My personal favorite is the slightly larger $699 Coolpix 880 from Nikon. It's a stripped-down version of Nikon's top-of-the-line 3.3 megapixel Coolpix 990, but sells for $200 less. It's designed for amateurs who are beyond the point-and-shoot stage but who don't want to deal with the intricacies of a fully or even partially manual camera. I loved the dozen or so "scene" modes that set the camera up to handle automatically those difficult shooting situations that I always blow, such as sunsets, fireworks, parties at night, and beach and snow scenes.
At the other end of the heft scale are a couple of cameras whose size and weight---about two pounds, vs. a half-pound for Canon's Elph--might not be worth it but for the single unique feature that sets them apart from their smaller siblings. One simple-to-use camera is the Camedia C-211 from Olympus. It's a full digital camera with a Polaroid camera inside. When you take a snapshot you like, press the button and a baseball-card-size instant print pops out.
In the same league are some of the Sony Mavicas, the line that has made Sony the top seller of digital cameras in the U.S. Mavica was the first to use everyday floppy disks to record photos, and this year Sony augmented its top-of-the-line MVC-FD95 with the MVC-CD1000, a camera that uses a built-in writeable CD-ROM drive. Besides being a cheap way to store pictures--each $4 CD disk will hold 160--it makes viewing them on a computer a cinch.
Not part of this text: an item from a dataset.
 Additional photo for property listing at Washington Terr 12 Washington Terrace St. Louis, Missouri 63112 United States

There is no software to load or cables to connect; you simply pop the disk into any CD-ROM drive.
A big problem with many digital cameras is the lag time between recording one picture and getting ready for the next one--a range from two or three seconds to more than 10 seconds in cheaper cameras. Olympus has solved that with its new Camedia E-100 Rapid Shot model. It's pricey at $1,499, but it's faster than most film cameras, shooting off 15 high-resolution frames a second. What's more, it will grab up to five shots even before you fully depress the shutter, ensuring that you always get the one that got away.
Whatever camera you end up buying, I have a few tips to keep in mind. The first is zoom. Optical zoom lenses are among the most used features of cameras, allowing you to compose a shot without much jockeying for the best place to shoot from. Most of the better digital cameras have a two- or three-times zoom lens, and some expensive ones, such as the Sony or the Olympus Rapid Shot, have a 10X zoom that can bring distant objects breathtakingly close. Some cheaper cameras advertise "digital zoom," which is nothing more than enlarging the center of the picture--what used to be called cropping. Use them and you'll lose as much as half the resolution of the image, resulting in blurry prints. If the ability to zoom matters to you, buy one with an optical zoom lens.
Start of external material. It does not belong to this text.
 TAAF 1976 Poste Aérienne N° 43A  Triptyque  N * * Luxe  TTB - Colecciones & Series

The real power hogs of digital cameras, and also their biggest lure, are the tiny color displays that allow you to view photos immediately. If you're not careful, you can spend on batteries what you save on film and processing. Unfortunately, camera makers and dealers see AC adapters and battery chargers as a profit center, so they're increasingly leaving them out of the box. If they're not included, it will cost you an extra $50 or so to buy them separately.
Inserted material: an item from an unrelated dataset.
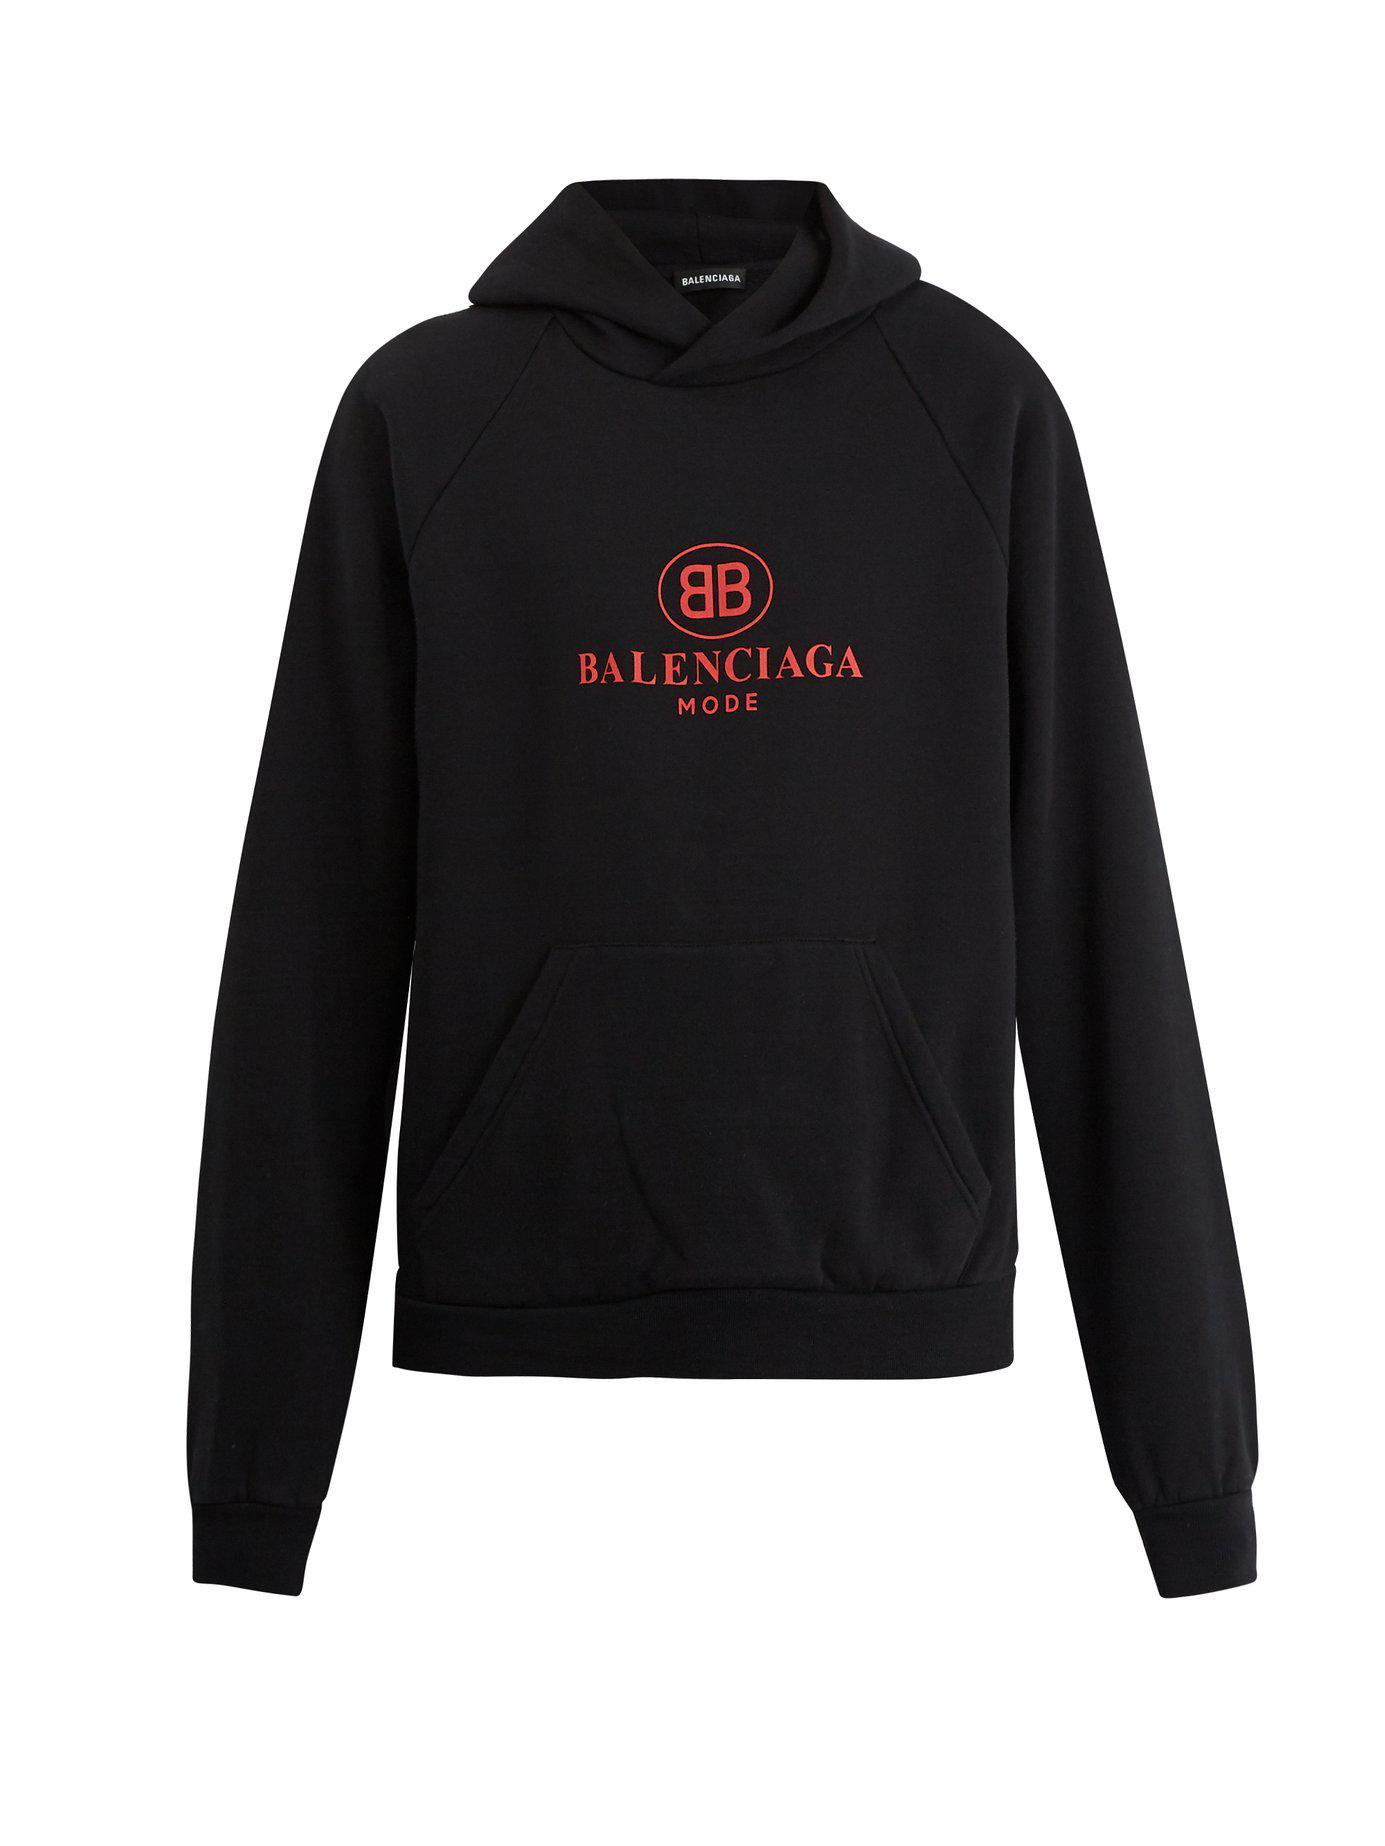 8b1d3b4f9a38 Lyst - Balenciaga Bb Print Hooded Sweatshirt in Black for Men

Finally, don't be afraid to buy more camera than you think you can handle. All digital cameras are fully automatic and easy to use right out of the box. You can learn the more advanced features as you go. And remember, with digital cameras the "film" is free, so all a photo costs is a little time. As for the mistakes you'll make, erase them on the spot. There's no more need to relegate them to a shoebox on the closet shelf.